Ce fut un curieux rapprochement et une étrange antithèse politique que l’invasion de la Morée et de la Crète par les régimens de Mohammed-Ali. Le vieux monde évoquant pour un duel ses deux grands types, l’Égypte et la Grèce ! l’unité aux prises avec la multiplicité ! Et la France sympathisant avec ces deux aspects du progrès social, représentée à la tête de ces deux émancipations, l’une et l’autre fécondes, quoique d’une nature différente, chez les Hellènes par Fabvier, chez les Arabes par Sèves ; chez le peuple constitutionnel par le carbonaro, le Français libéral ; chez le peuple soumis à l’autocratie militaire, par le bonapartiste, le Français étranger à la marche de l’Europe depuis la chute de l’aigle impérial ! Et certes, l’un et l’autre auxiliaire étaient bien dans son rôle ; car tandis que les Grecs ne devaient leur régénération qu’à leurs efforts individuels, Mohammed-Ali déterminait le progrès en Égypte, comme Napoléon l’avait hâté en Europe, par le despotisme.

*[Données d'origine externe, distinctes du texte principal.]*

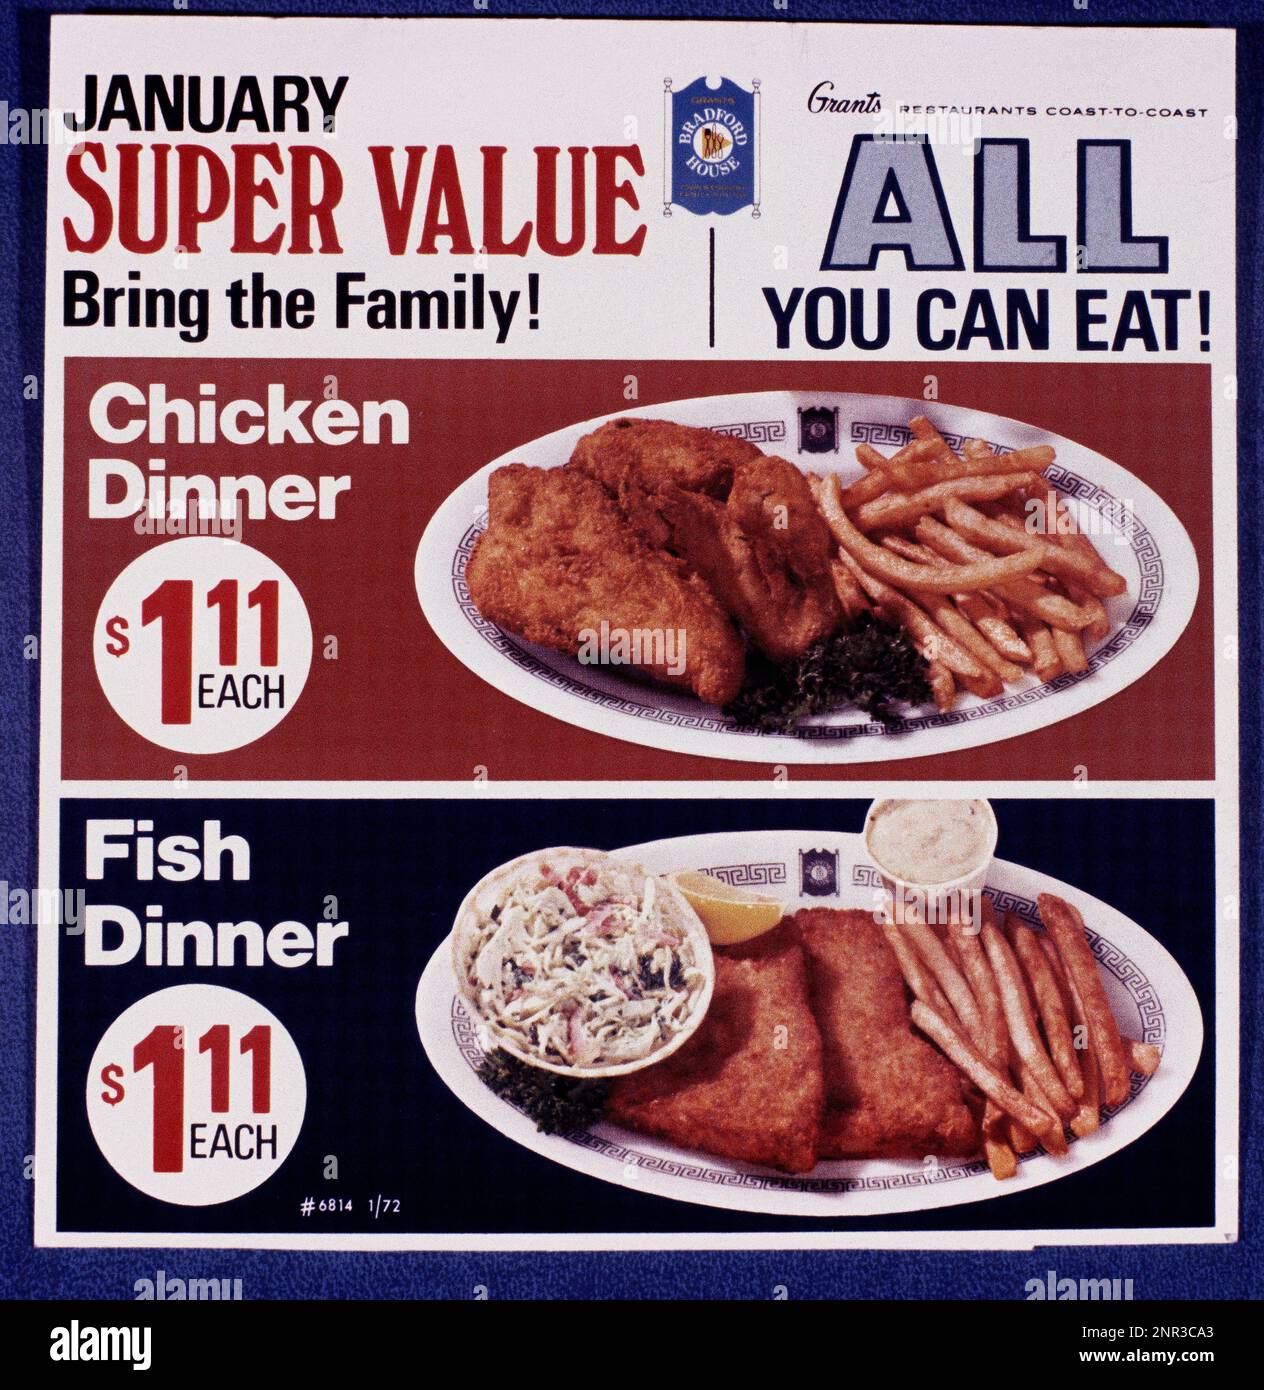 poster promoting all you can eat values in the Bradford House Restaurant in a WT Grants store in San Jose, California in 1972 Stock Photo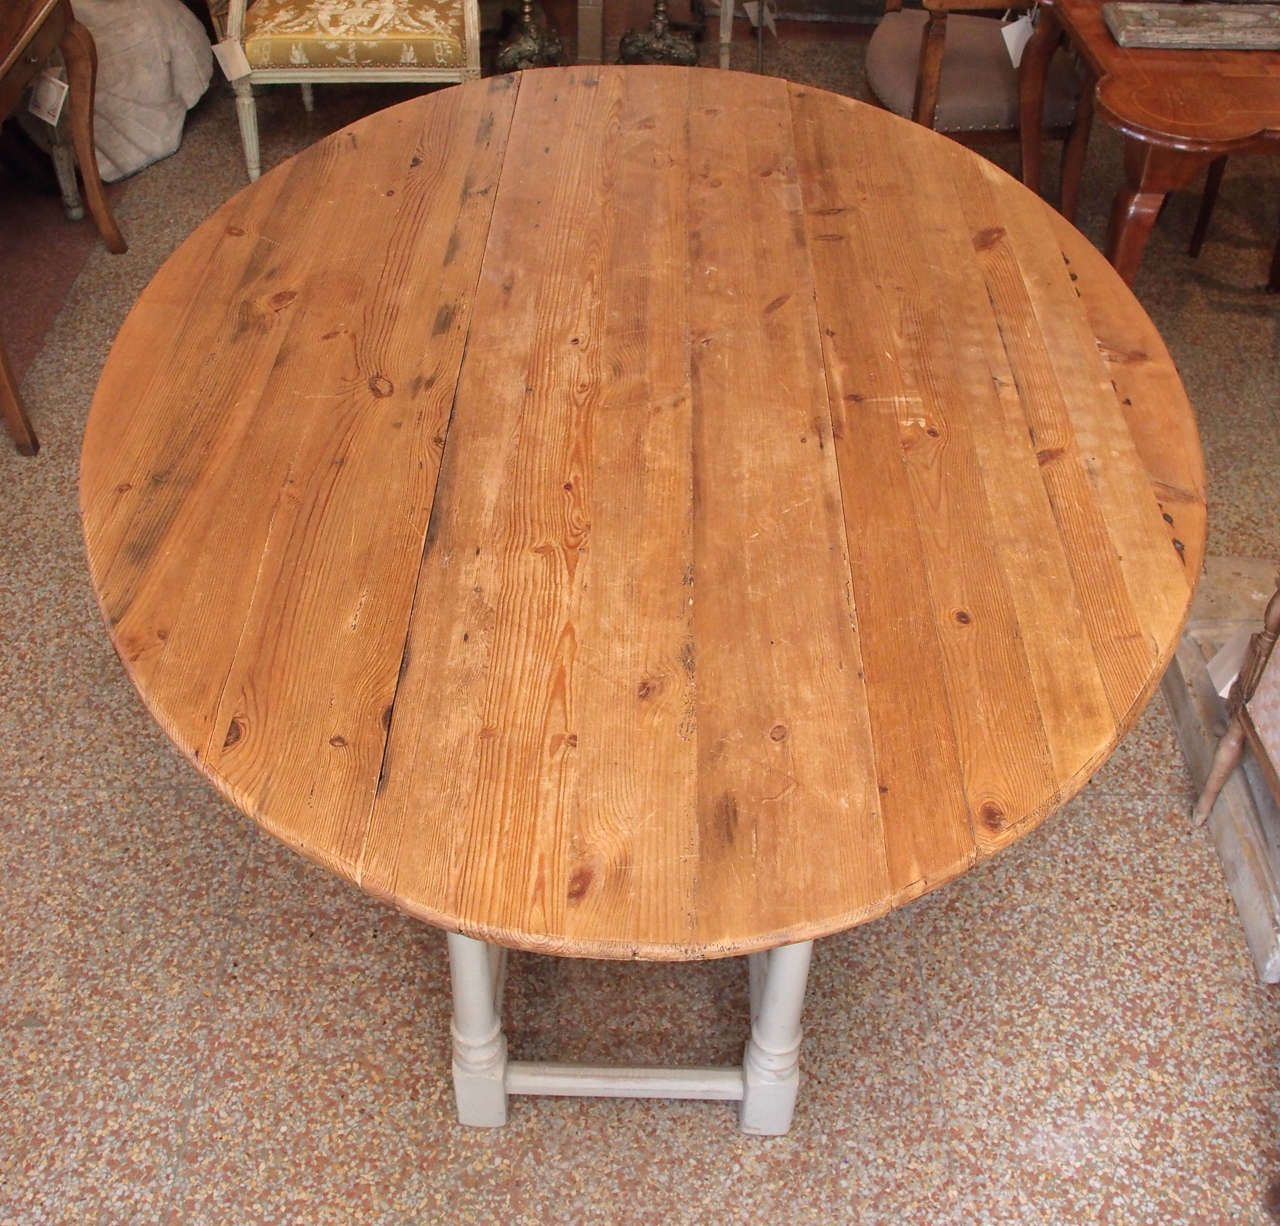 19th Century Painted Drop Leaf Table In Fair Condition For Sale In New Orleans, LA

On fit dans ce temps un crime au pacha de combattre une nation généreuse, dont l’alliance eût favorisé sa propre indépendance. On a senti généralement depuis que le réformateur d’un état musulman ne pouvait, sans renoncer à sa mission, se placer au point de vue du libéralisme européen. Fondant la réalisation de ses projets sur l’obéissance aveugle de son peuple, ne devait-il pas prévenir les conséquences d’un fait menaçant pour son autorité, et effrayer, par l’exemple du châtiment, ses sujets influencés par l’exemple de la révolte ? Mohammed-Ali ne fut point philhellène, et il ne fallait rien moins qu’une aveugle préoccupation politique pour exiger de lui ce caractère ; mais, loin de mériter dans cette circonstance la réprobation de l’humanité, il acquit de nouveaux droits à ses applaudissemens. À cette extermination qui avait jusqu’alors caractérisé la lutte, il substitua les lois de la guerre européenne, et il apprit à ses ennemis comme à ses soldats cette clémence que, depuis la mort de son fils, il pratiquait lui-même[1].

La bataille de Navarin et la présence d’une armée française ayant mis un terme à ces débats prolongés par la belle défense des Hellènes, Ibrahim

  1. On a beaucoup parlé des cruautés d’Ibrahim en Morée, et l’intérêt qu’inspiraient les malheureux Grecs a partout accrédité cette erreur. La vérité est qu’Ibrahim a ravagé quelques provinces, mais qu’il n’a pas versé de sang hors du champ de bataille. Au lieu de massacrer les prisonniers, à l’exemple des Grecs et des Turks, il les a fait passer en Égypte, et le vice-roi les a remis plus tard entre les mains des consuls européens.